In this stimulus, the first fact that we are given is that heart attacks are most likely to occur on Mondays and that the accepted explanation for this is that Monday is the first day of the workweek and people (who work) feel more stress on Mondays. For the purposes of this question type, we are not disputing this statement. Sure, in the real world there may be other causes of work stress, such as a long commute in heavy traffic, although this wouldn't explain why there would be more stress on Mondays (unless the traffic was much worse on Mondays, which would be odd.)

The second fact that we are given is that unemployed retired people are also more likely to have heart attacks on Mondays. This is puzzling because if the reason that workers have more heart attacks on Mondays is the stress of the workweek, this shouldn't apply to unemployed retired people who no longer have that stress.

It's this second fact that we really need to explain because it's the one that doesn't seem to make any sense. What we need in our answer is an explanation for why these unemployed retired people are having more heart attacks on Mondays. A good prephrase might be "There is something else stressful on Mondays for these unemployed retired people."
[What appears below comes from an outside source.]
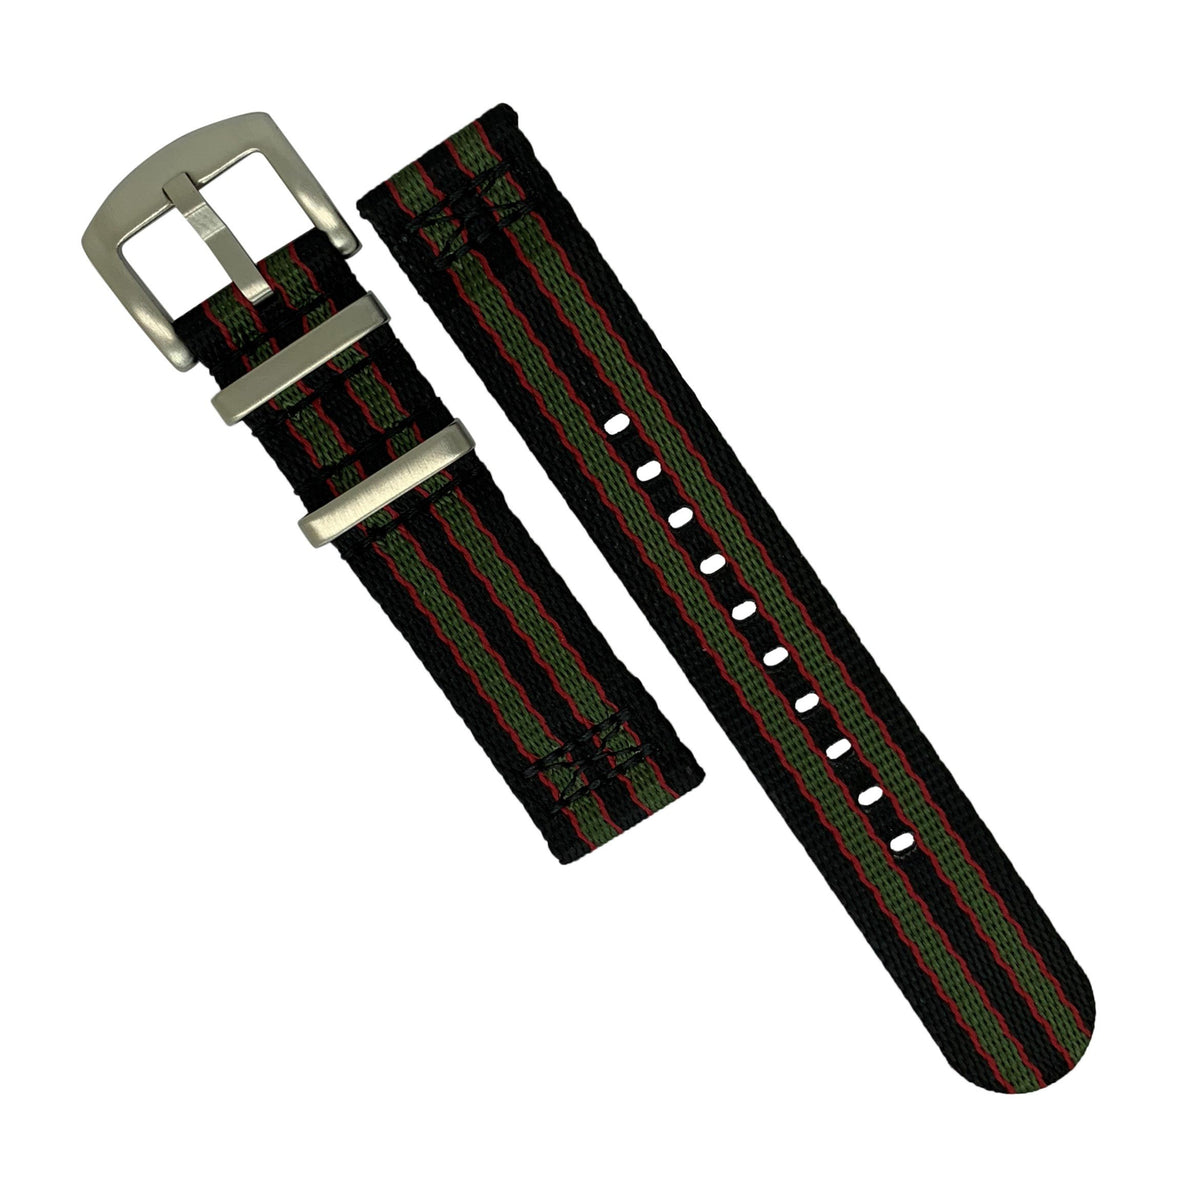 Two Piece Seat Belt Nato Strap in Black Green Red (James Bond) with Brushed Silver Buckle (20mm) - Nomad Watch Works Malaysia

Answer A, if true (notice that the question tells you to accept each answer as true), provides a possible explanation for why these unemployed retired people may also be feeling more stress, and therefore having more heart attacks, on Mondays. While it is true that Answer A assumes that large projects can be stressful (at least for some people), that is not an unreasonable assumption depending on the large project.

The key thing to solving this question is that we need a source of stress (or other cause of heart attacks) that would apply to these unemployed retired people and be specific to Mondays. Only answer A provides both of these.